Photo credit: Netflix
Photo credit: Netflix

If Netflix’s timeline-hopping Chicago Bulls documentary The Last Dance watches like a hagiography, that’s because it kind of is one. Michael Jordan, a man who understands the power of good marketing better than almost anyone, reportedly had final approval over what made it in. But even then, it still struggles to convey just how important the legendary NBA star was to his team, his sport, his country, and to popular culture in general during his Nineties heyday.

The Last Dance centres on Michael Jordan’s final season at the Bulls, and their attempt to win an unprecedented sixth title in eight years. Director Jason Hehir regularly time-warps into the past, however, to cover all of the trials, tribulations and celebrations of previous campaigns. His teammates all have fascinating and touching stories to tell (especially, it goes without saying, Dennis Rodman), but the focus never moves too far away from Jordan; from his prodigious talent, his dogmatic determination, from his fire and anguish.
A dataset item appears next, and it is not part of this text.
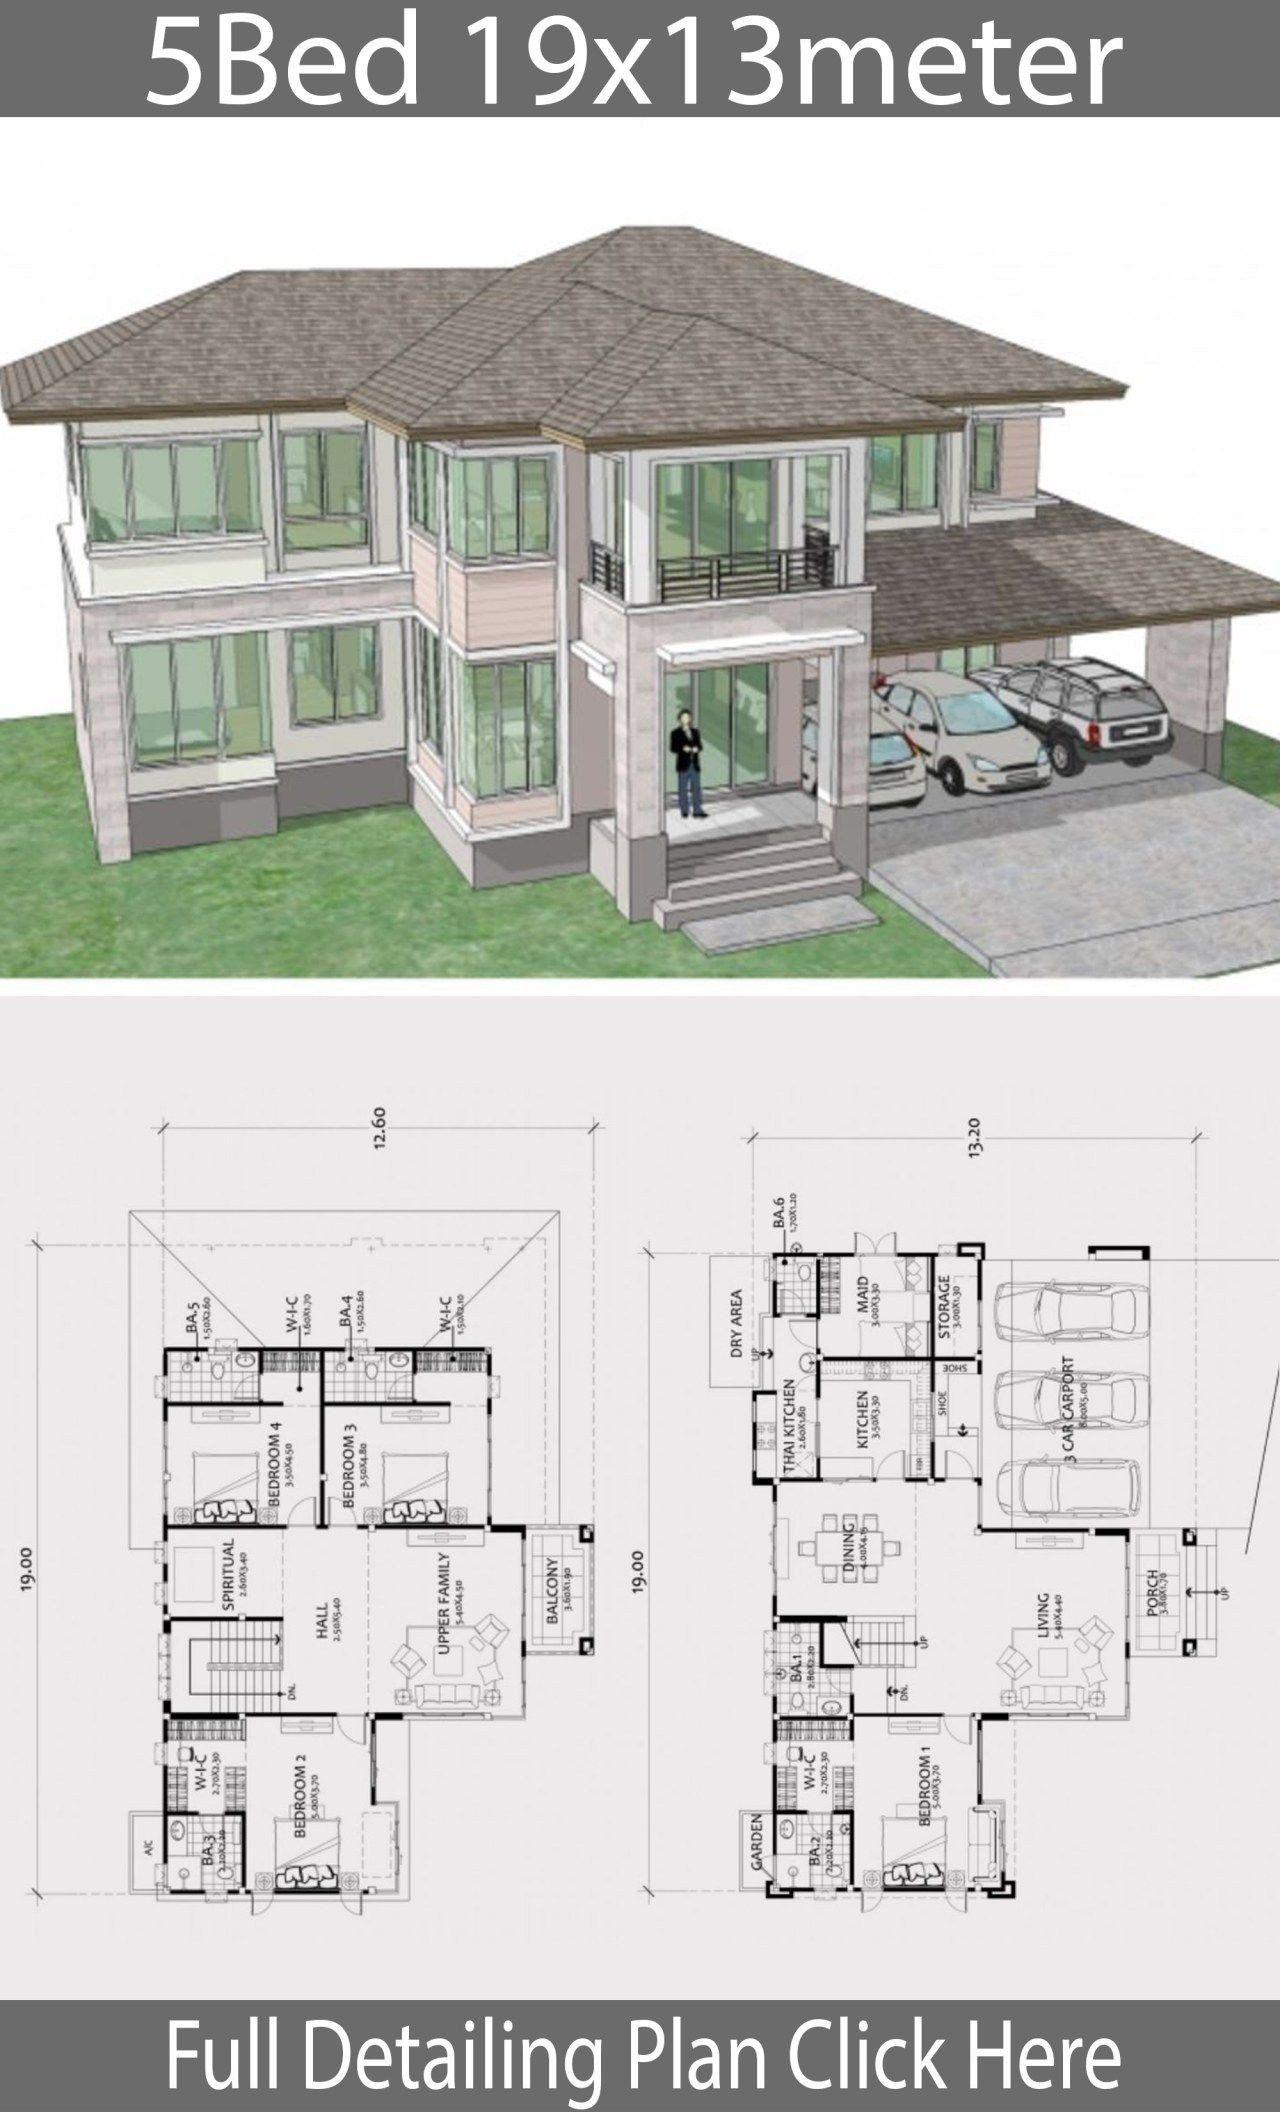 20 Big Modern House Floor Plans Plataran Best Denah Desain Rumah Tata Letak Rumah House Blueprints

All in all, we’re left with a awe-inspiring portrait of a truly complicated man who took advantage of his flaws to reach perfection, as unrelatable as he is distinctly unlikeable at points. We also watch as one man turns himself into a global, money-spinning brand, with blockbuster movies and best-selling sneakers to his name, forming a new celebrity industrial complex in his fleet-footed wake.